_YOUR ASSIGNMENT_
Your answer must be an exact transcription of the data, with every picture omitted.

_INFORMATION SUPPLIED_
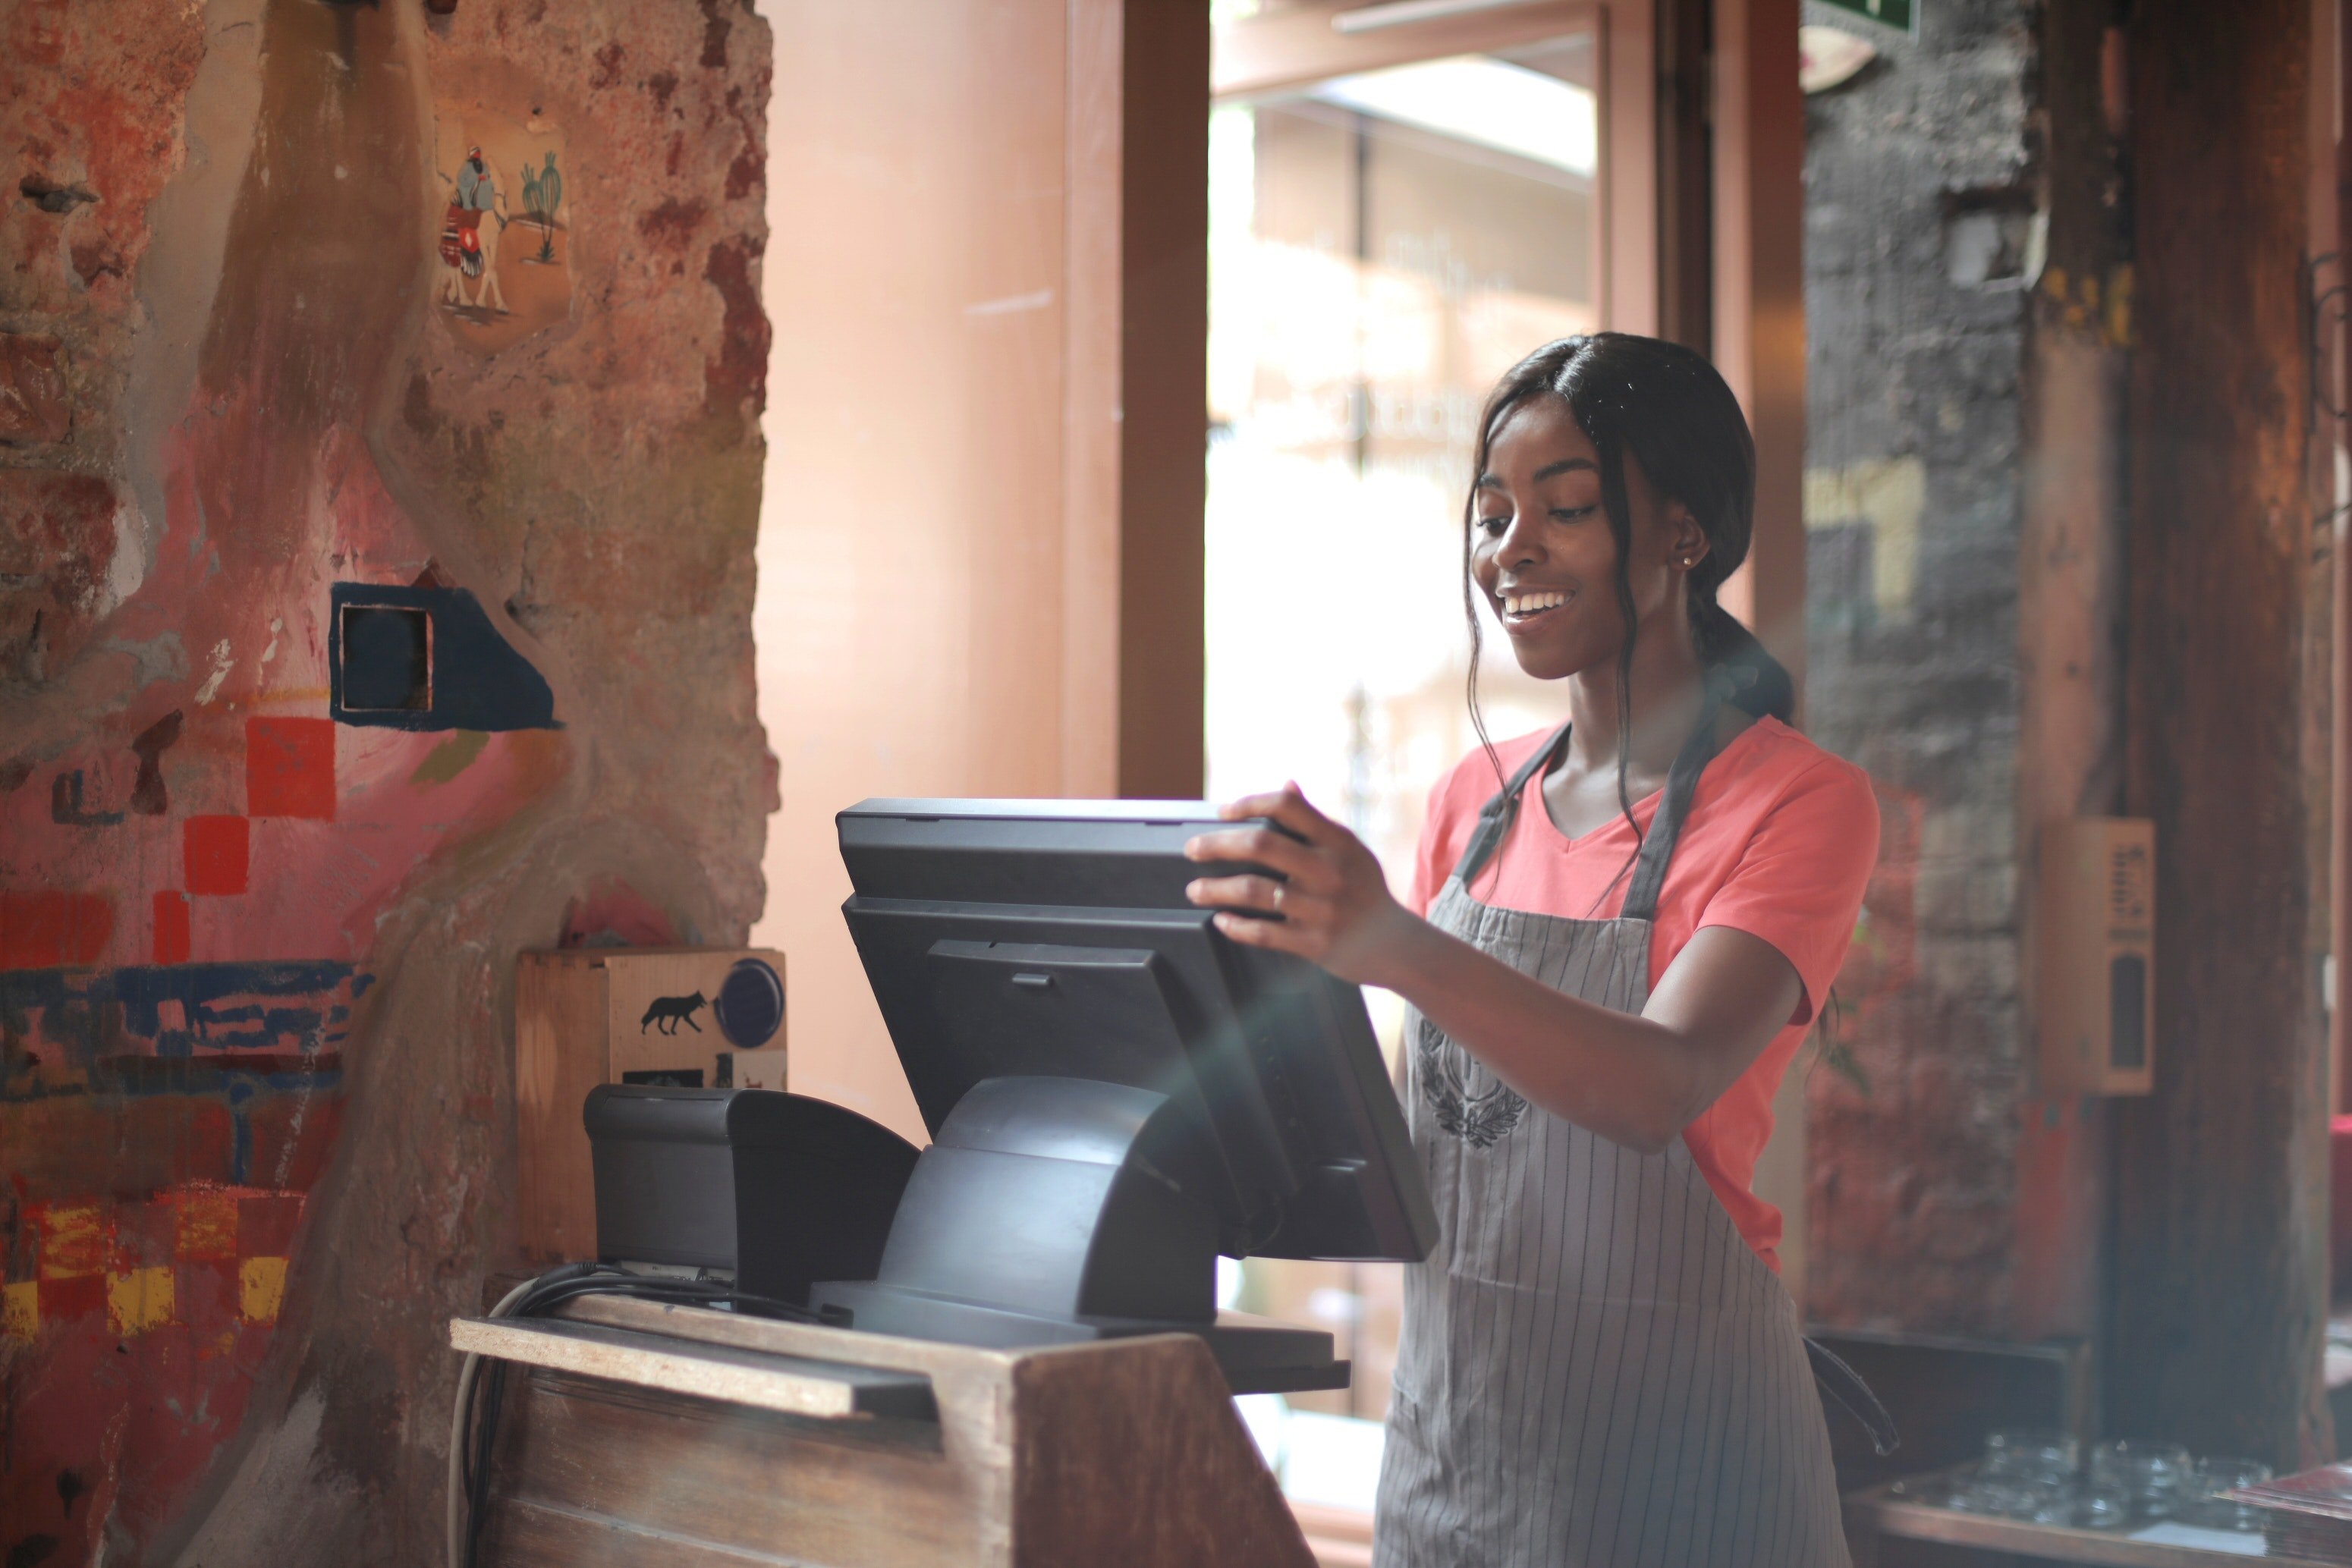 Emma enjoys her job as a cashier. | Source: Pexels
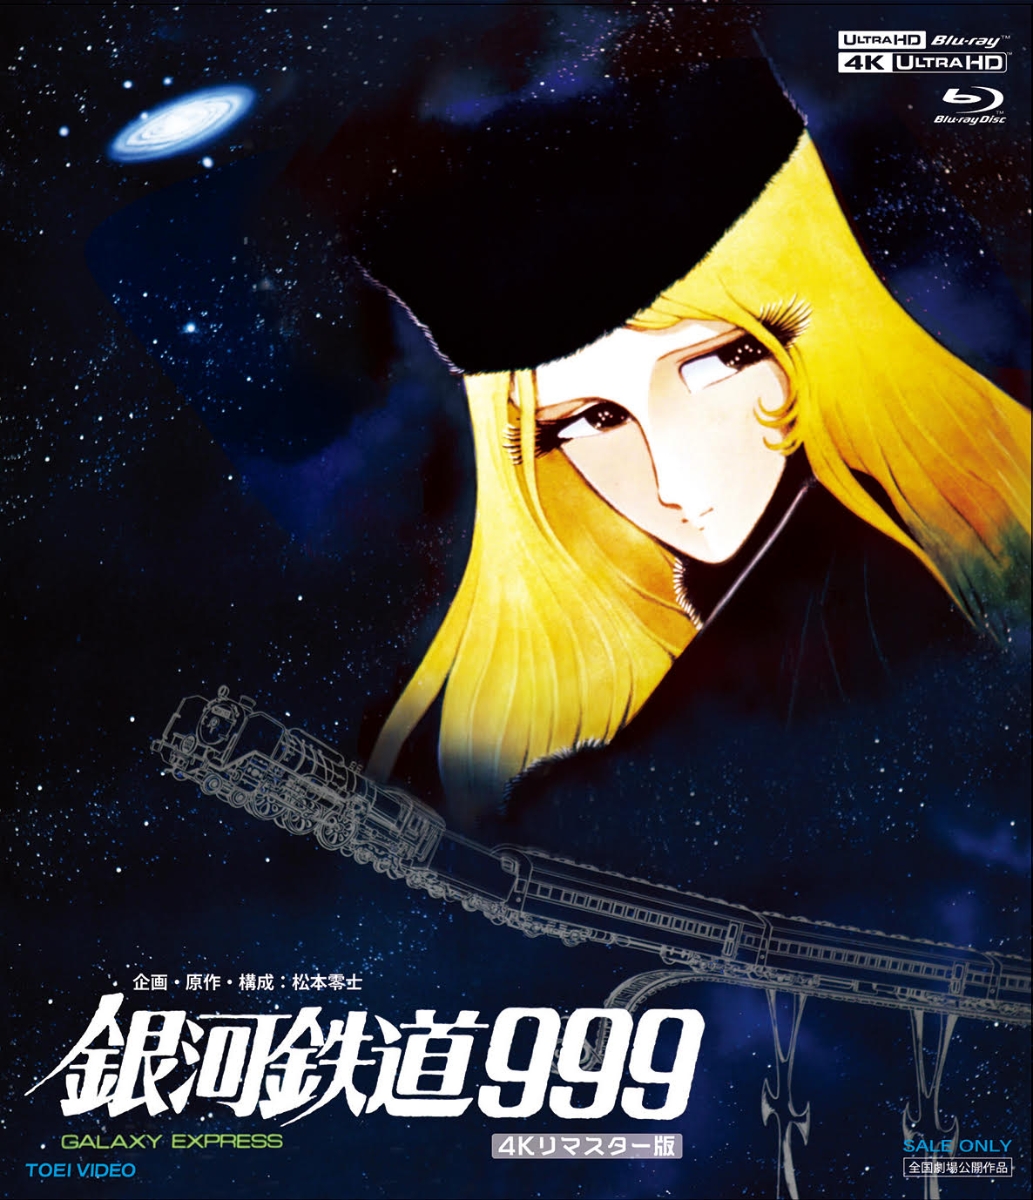 銀河鉄道999 4Kリマスター版 (4K ULTRA HD Blu-ray & Blu-ray Disc 2枚組) 【4K ULTRA HD】画像
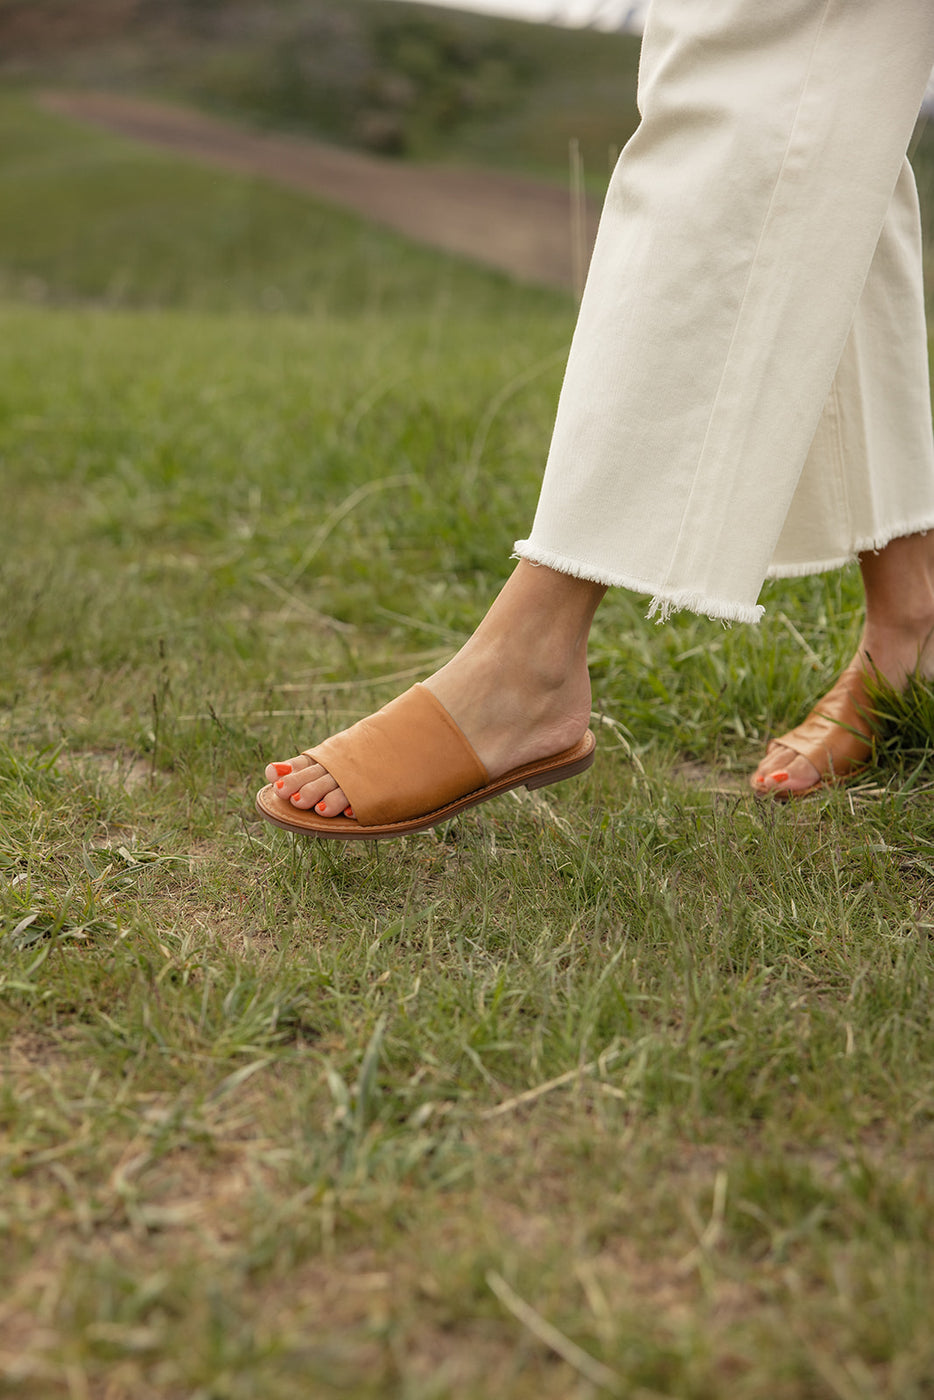 a person's feet in a grass field

_EXERCISE SOLUTION_
 Emma enjoys her job as a cashier. | Source: Pexels
 銀河鉄道999 4Kリマスター版 (4K ULTRA HD Blu-ray & Blu-ray Disc 2枚組) 【4K ULTRA HD】画像
 a person's feet in a grass field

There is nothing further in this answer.